INFORMATION SHOWN: Begin
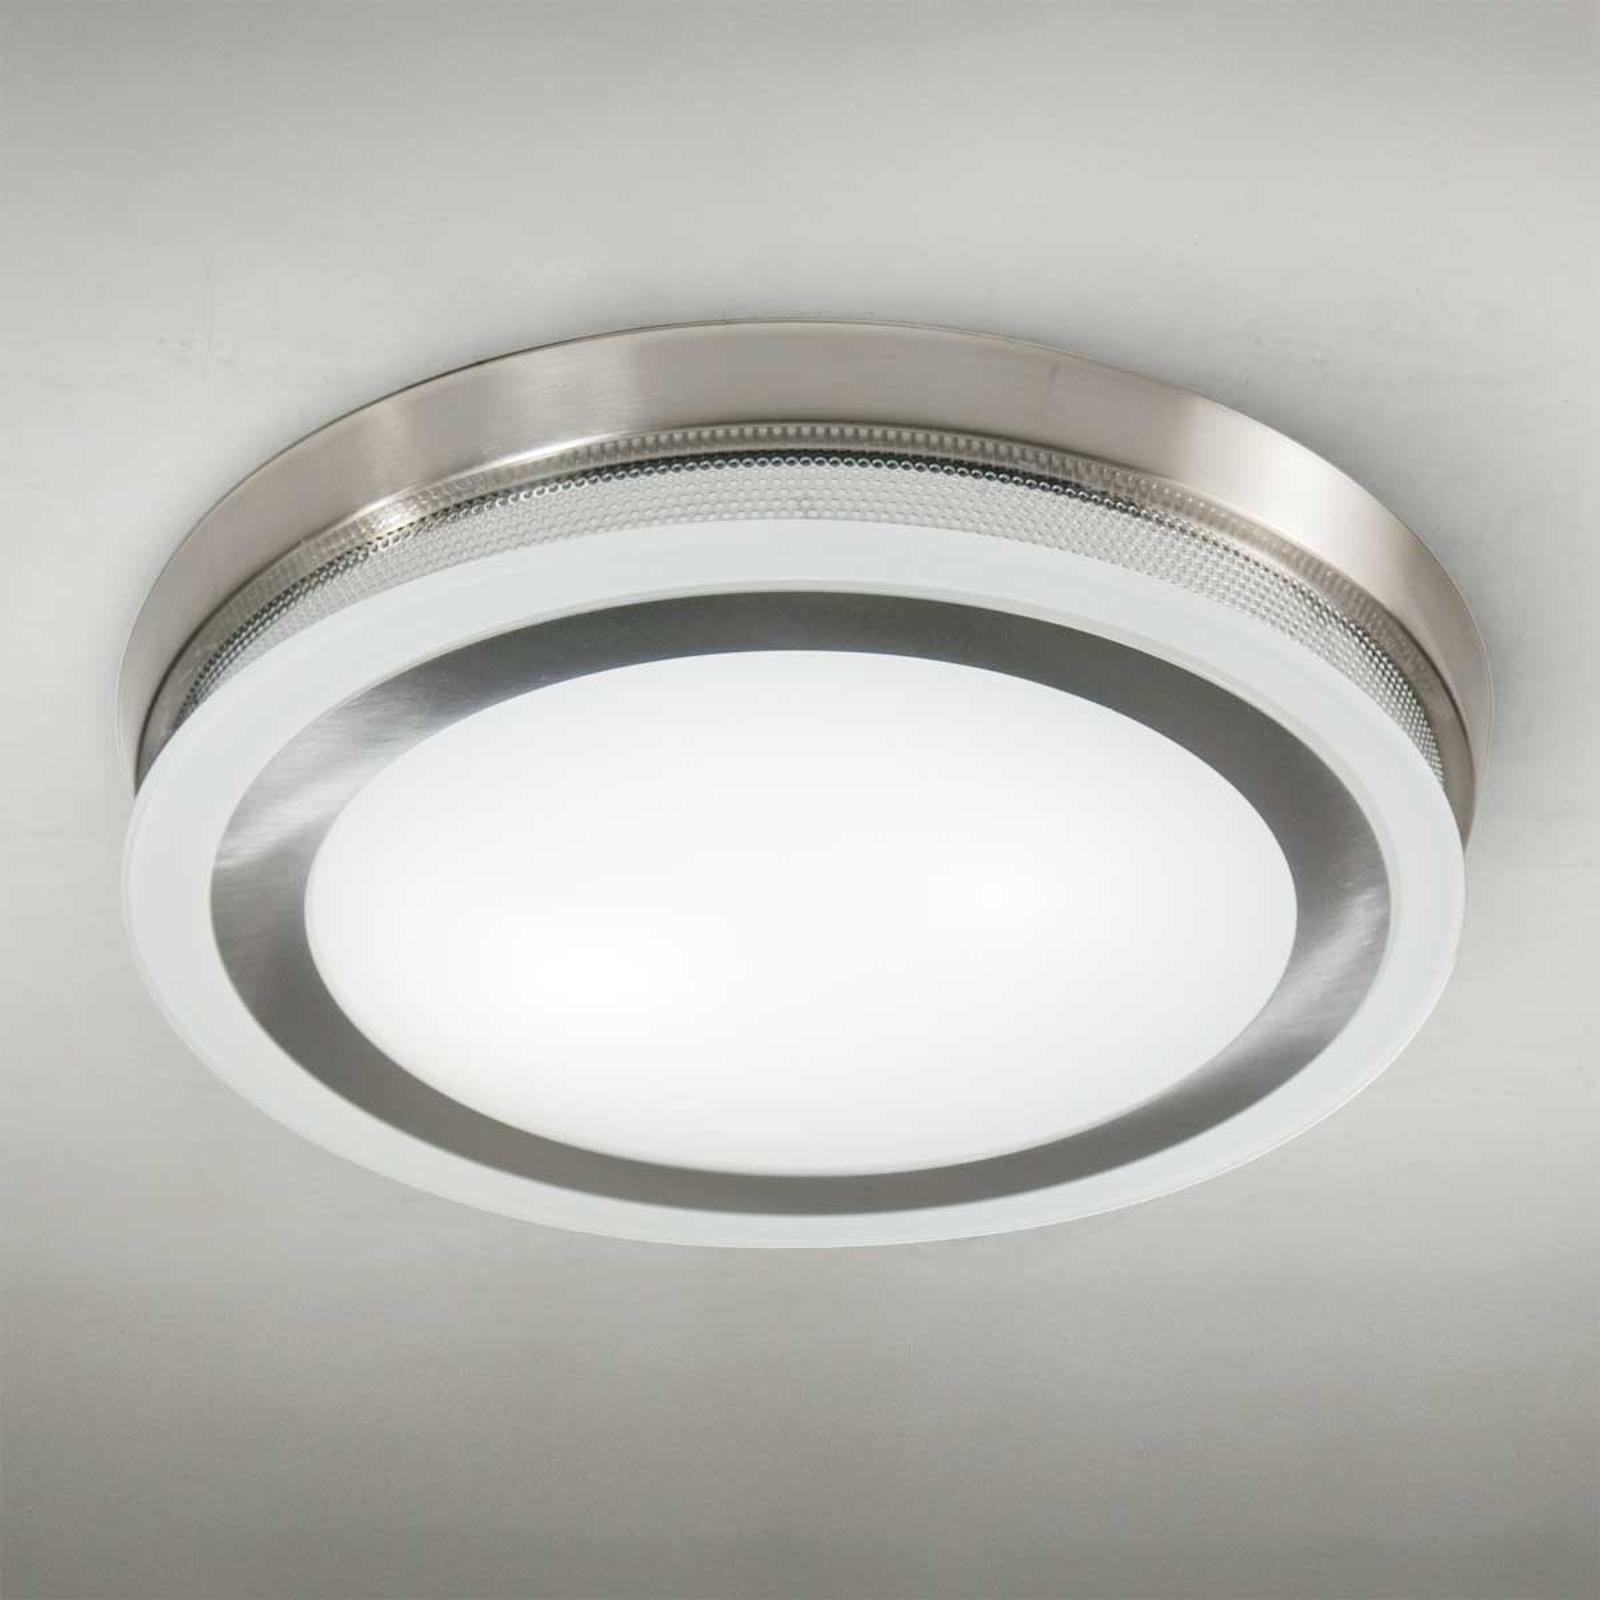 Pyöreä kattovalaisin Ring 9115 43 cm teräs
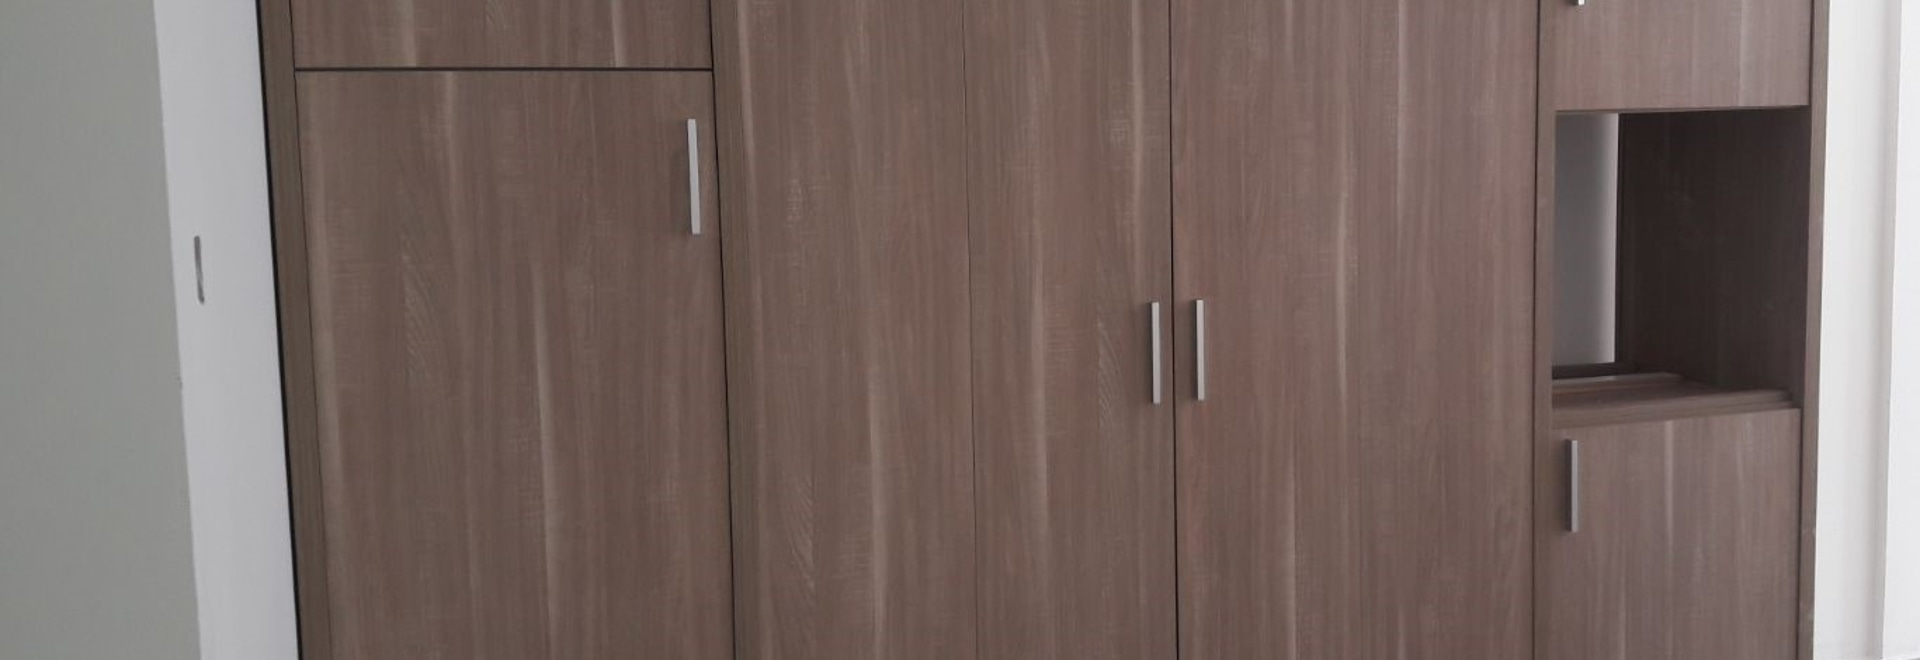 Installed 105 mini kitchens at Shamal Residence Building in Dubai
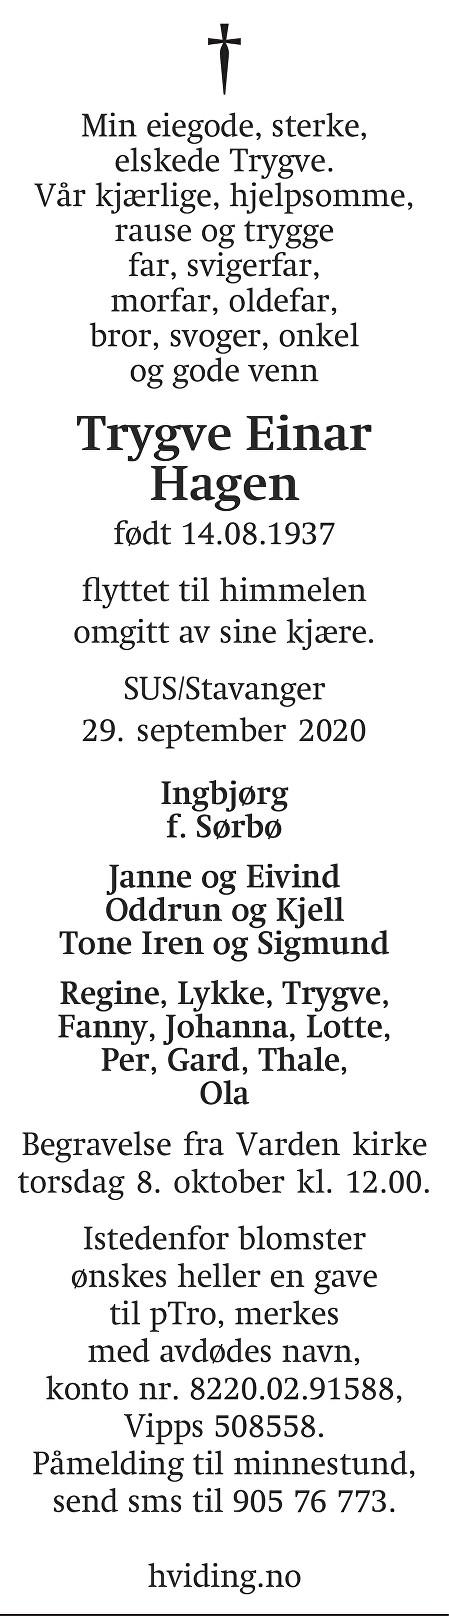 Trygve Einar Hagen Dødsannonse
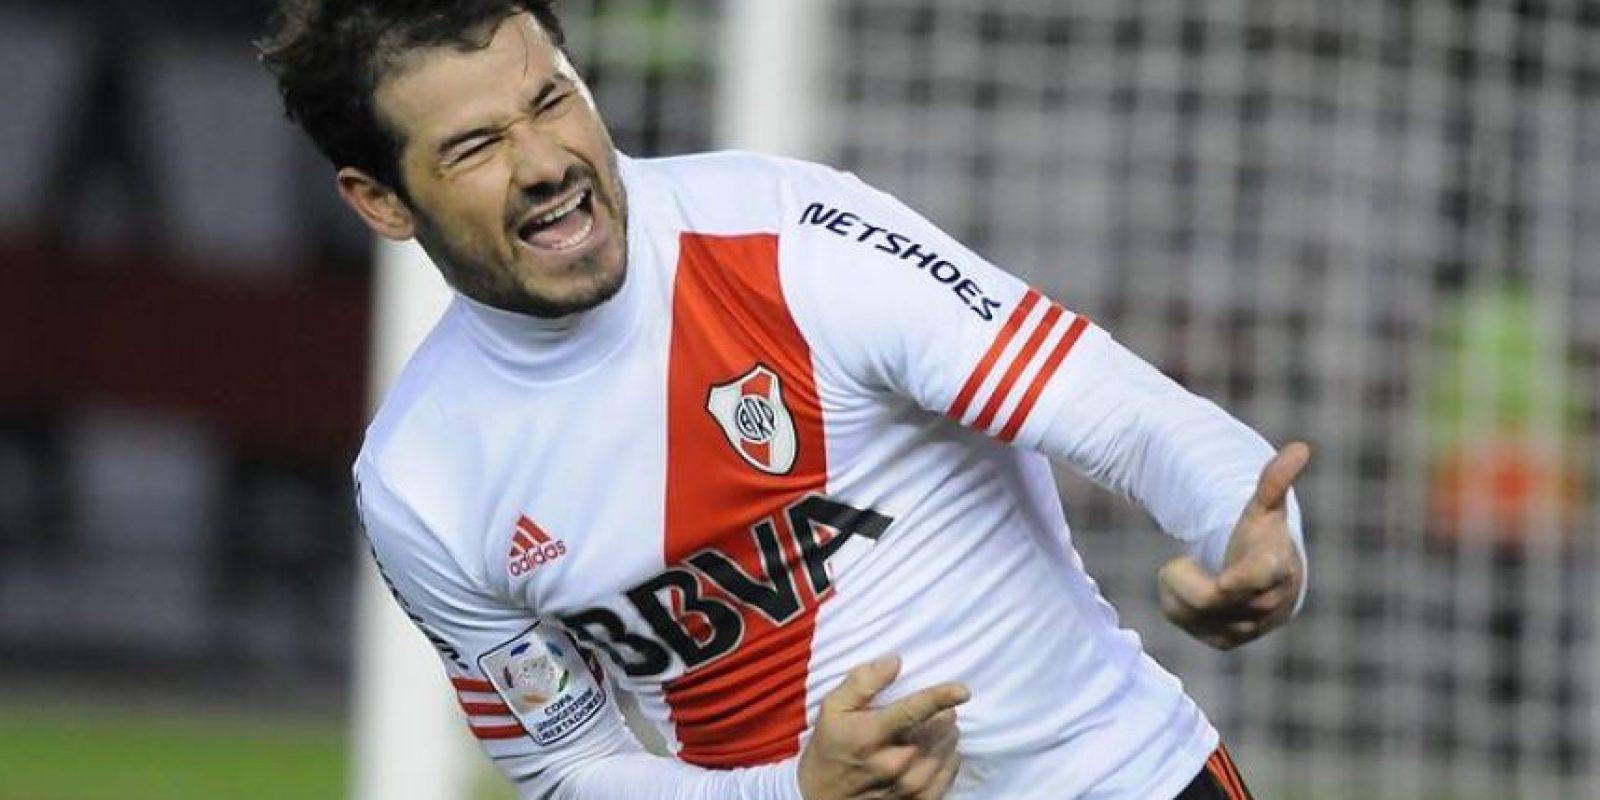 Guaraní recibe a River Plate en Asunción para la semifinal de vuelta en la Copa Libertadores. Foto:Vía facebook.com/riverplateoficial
INFORMATION SHOWN: End
Copy out every line of the material above precisely, omitting the pictures.

▶ _EXERCISE ANSWER_:
 Pyöreä kattovalaisin Ring 9115 43 cm teräs
 Installed 105 mini kitchens at Shamal Residence Building in Dubai
 Trygve Einar Hagen Dødsannonse
 Guaraní recibe a River Plate en Asunción para la semifinal de vuelta en la Copa Libertadores. Foto:Vía facebook.com/riverplateoficial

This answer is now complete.